══ Raw data ══
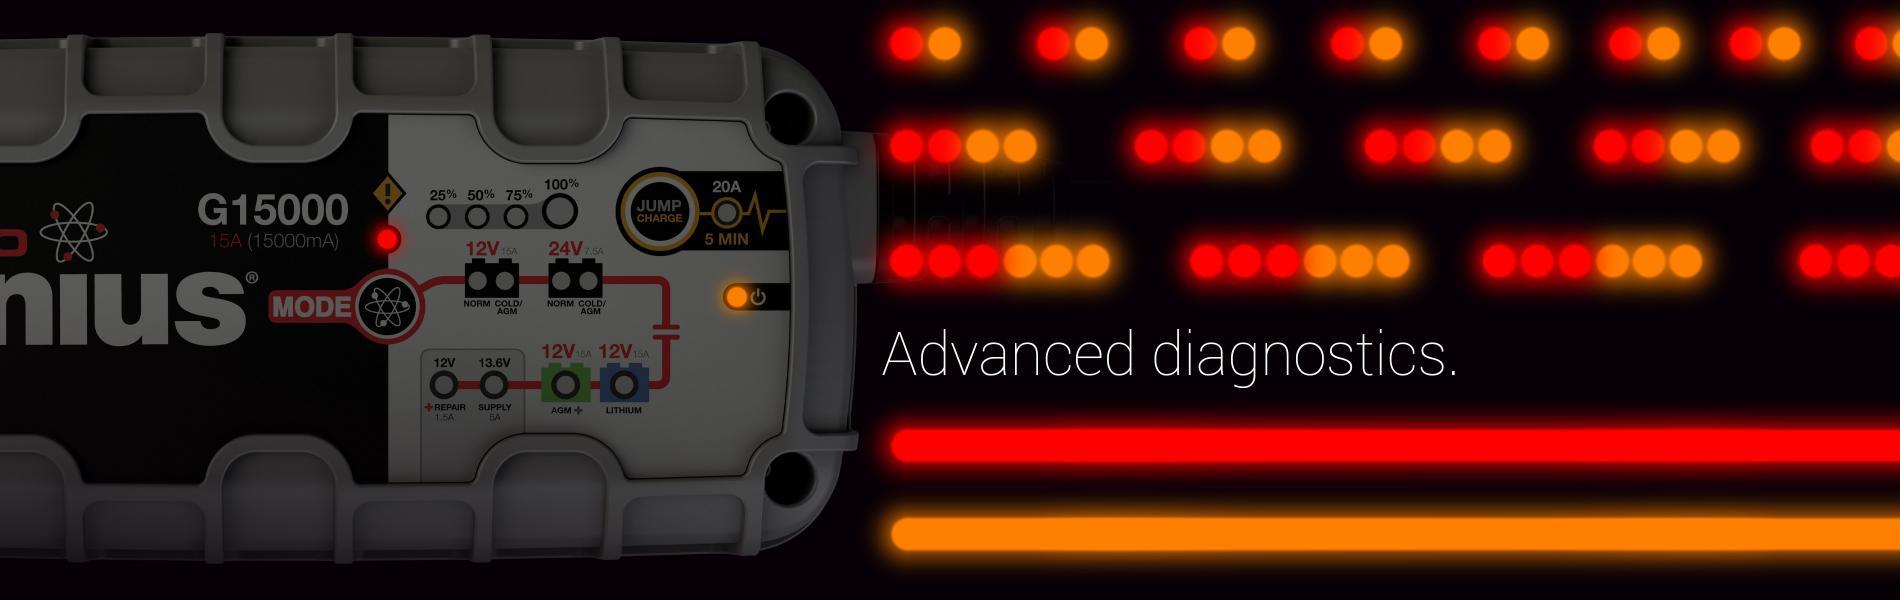 g15000-12v-24v-portable-automotive-car-battery-charger-maintainer-advanced-diagnostics.jpg
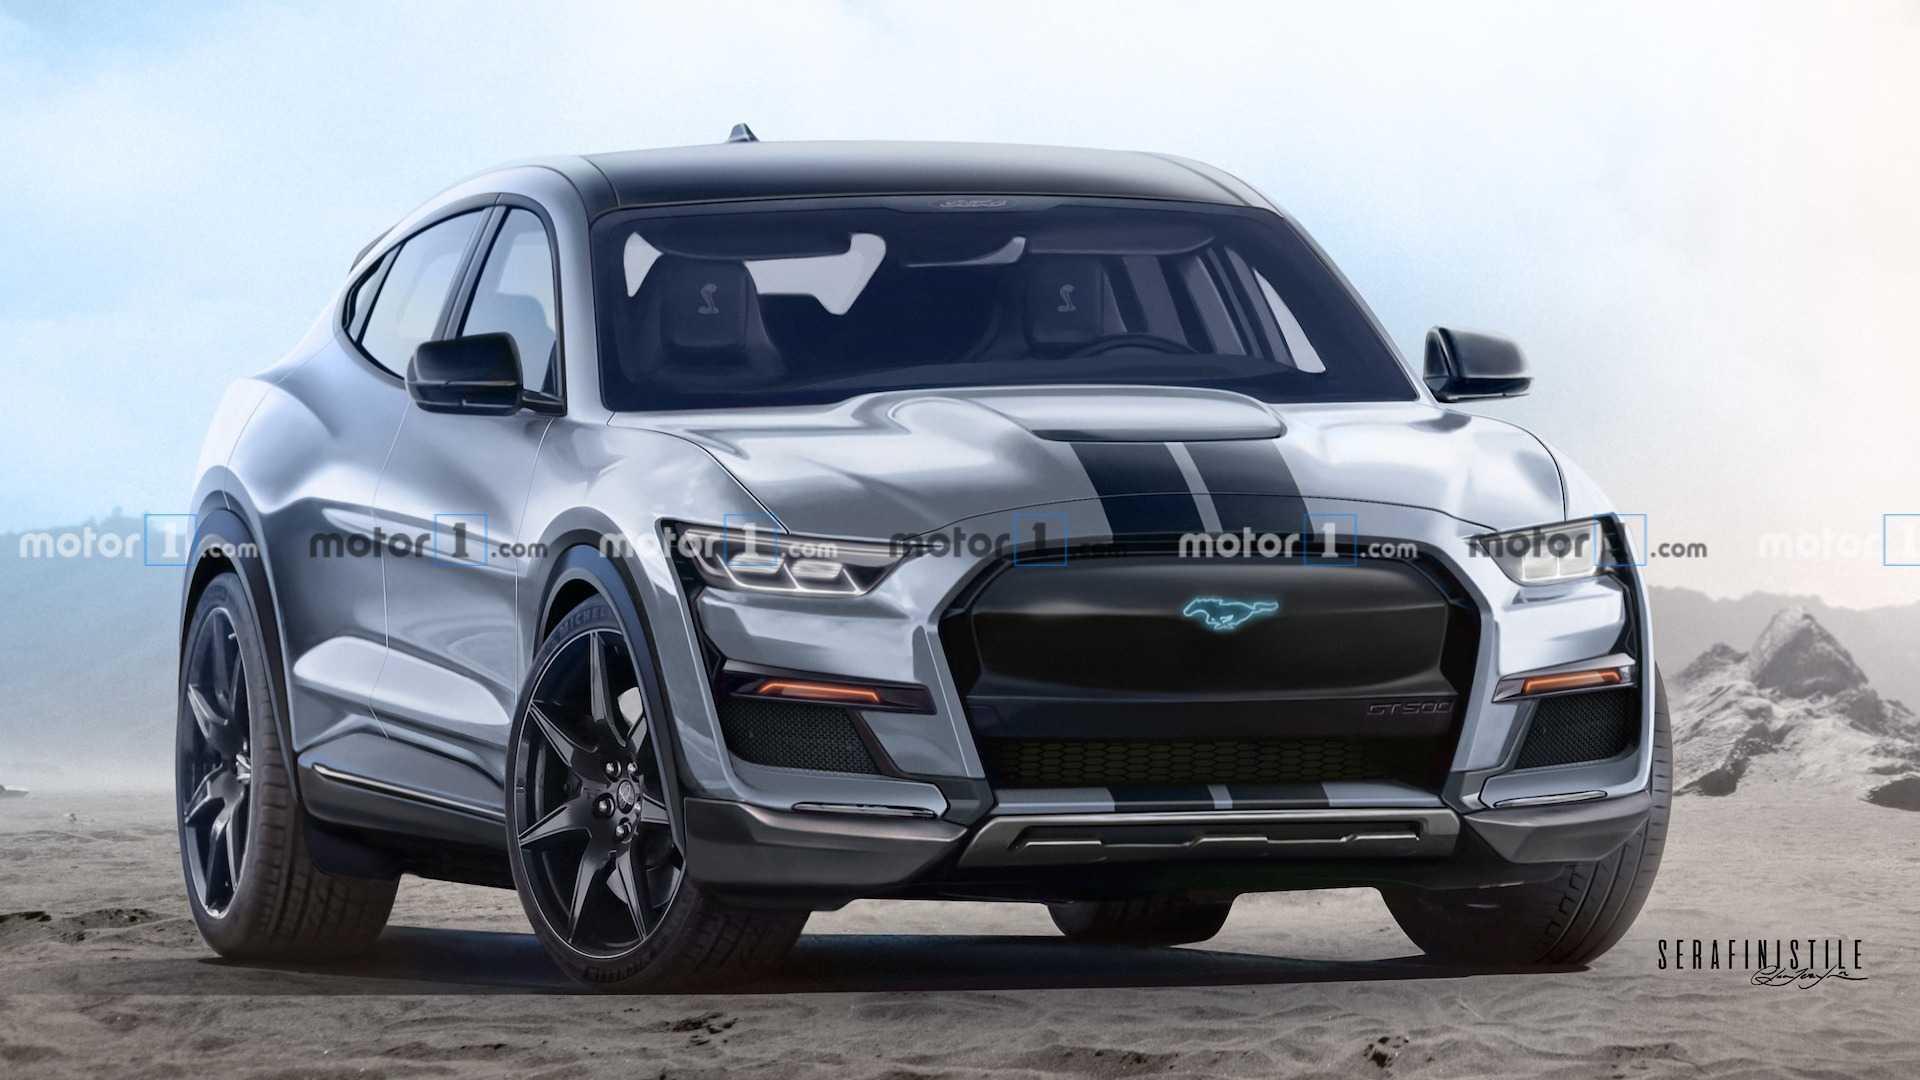 Ford Mustang Mach E Shelb E Renderings Predict The Inevitable
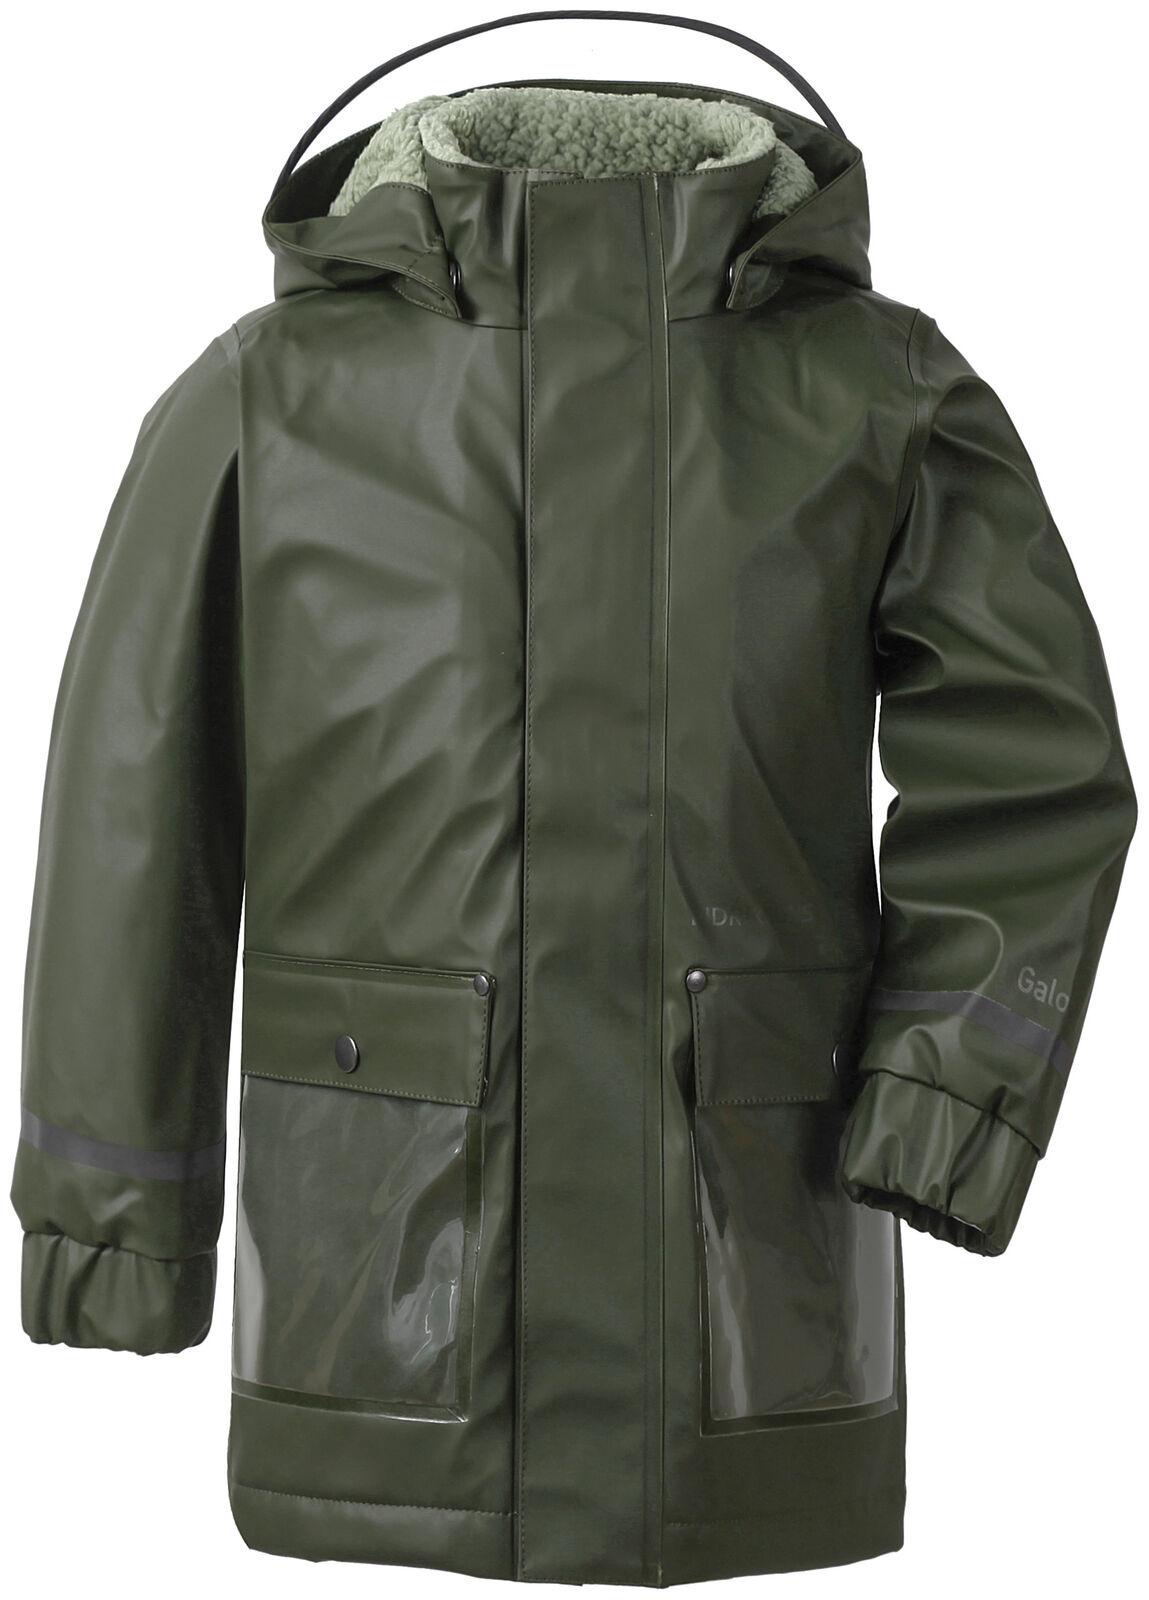 Didriksons Outdoorjacke Adventurejacke Ekholm Kid's Coat 2 dunkelgrün winddicht
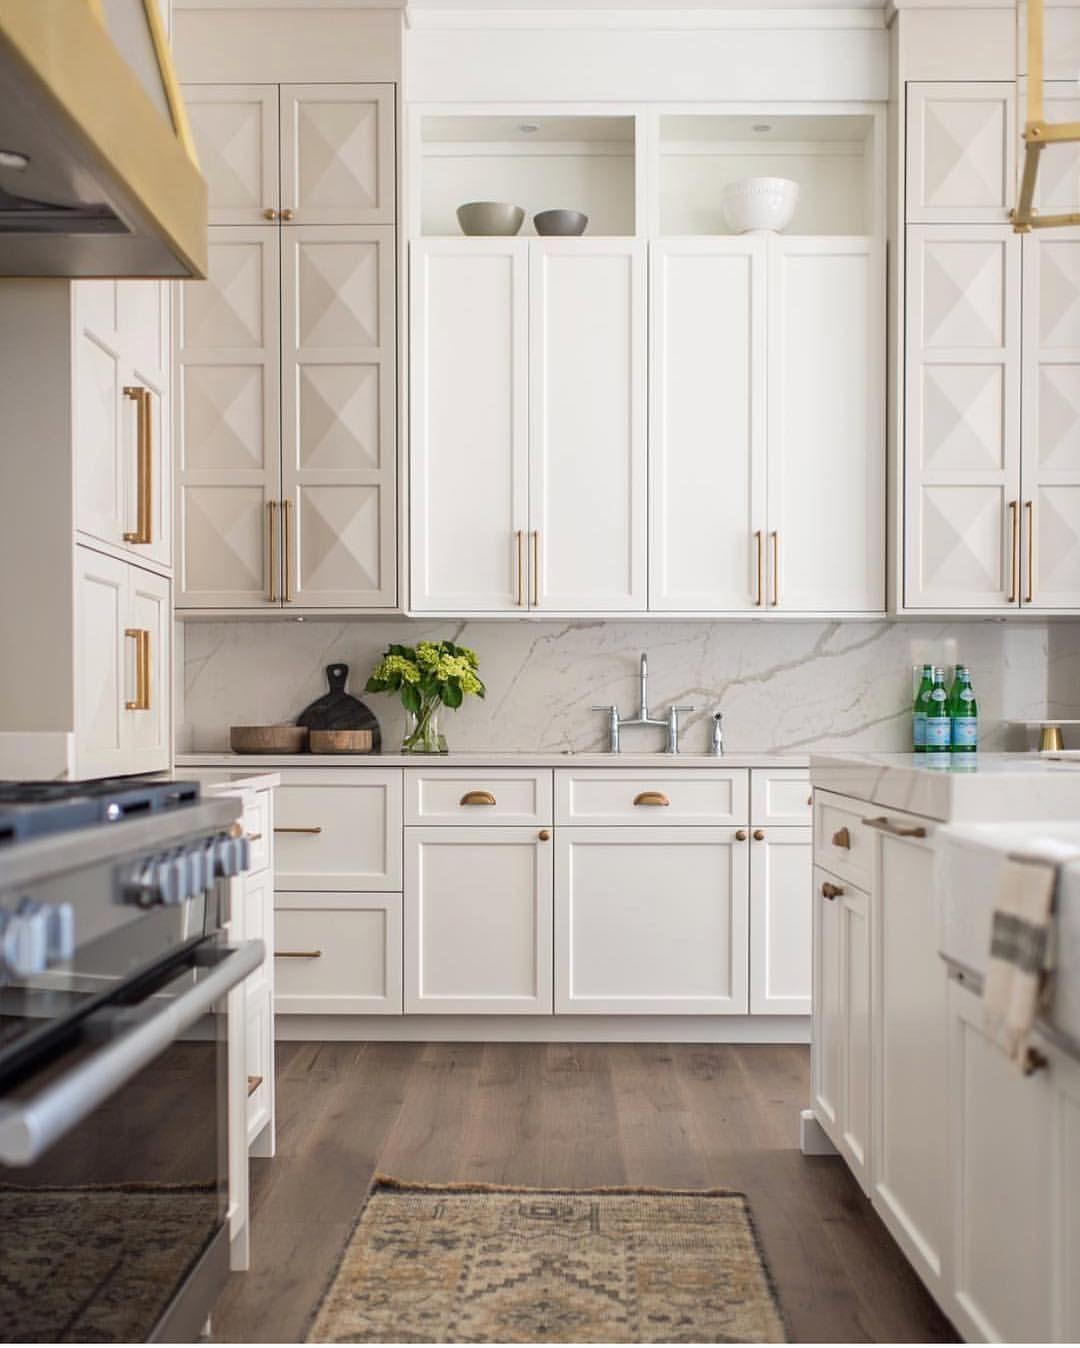 Beper Juice Extractor Body And Filter In Steel Interior Design Kitchen Kitchen Cabinet Design Kitchen Trends
═══
Instructions to follow:
Without including the pictures, copy all of the data exactly.

Expected answer:
 g15000-12v-24v-portable-automotive-car-battery-charger-maintainer-advanced-diagnostics.jpg
 Ford Mustang Mach E Shelb E Renderings Predict The Inevitable
 Didriksons Outdoorjacke Adventurejacke Ekholm Kid's Coat 2 dunkelgrün winddicht
 Beper Juice Extractor Body And Filter In Steel Interior Design Kitchen Kitchen Cabinet Design Kitchen Trends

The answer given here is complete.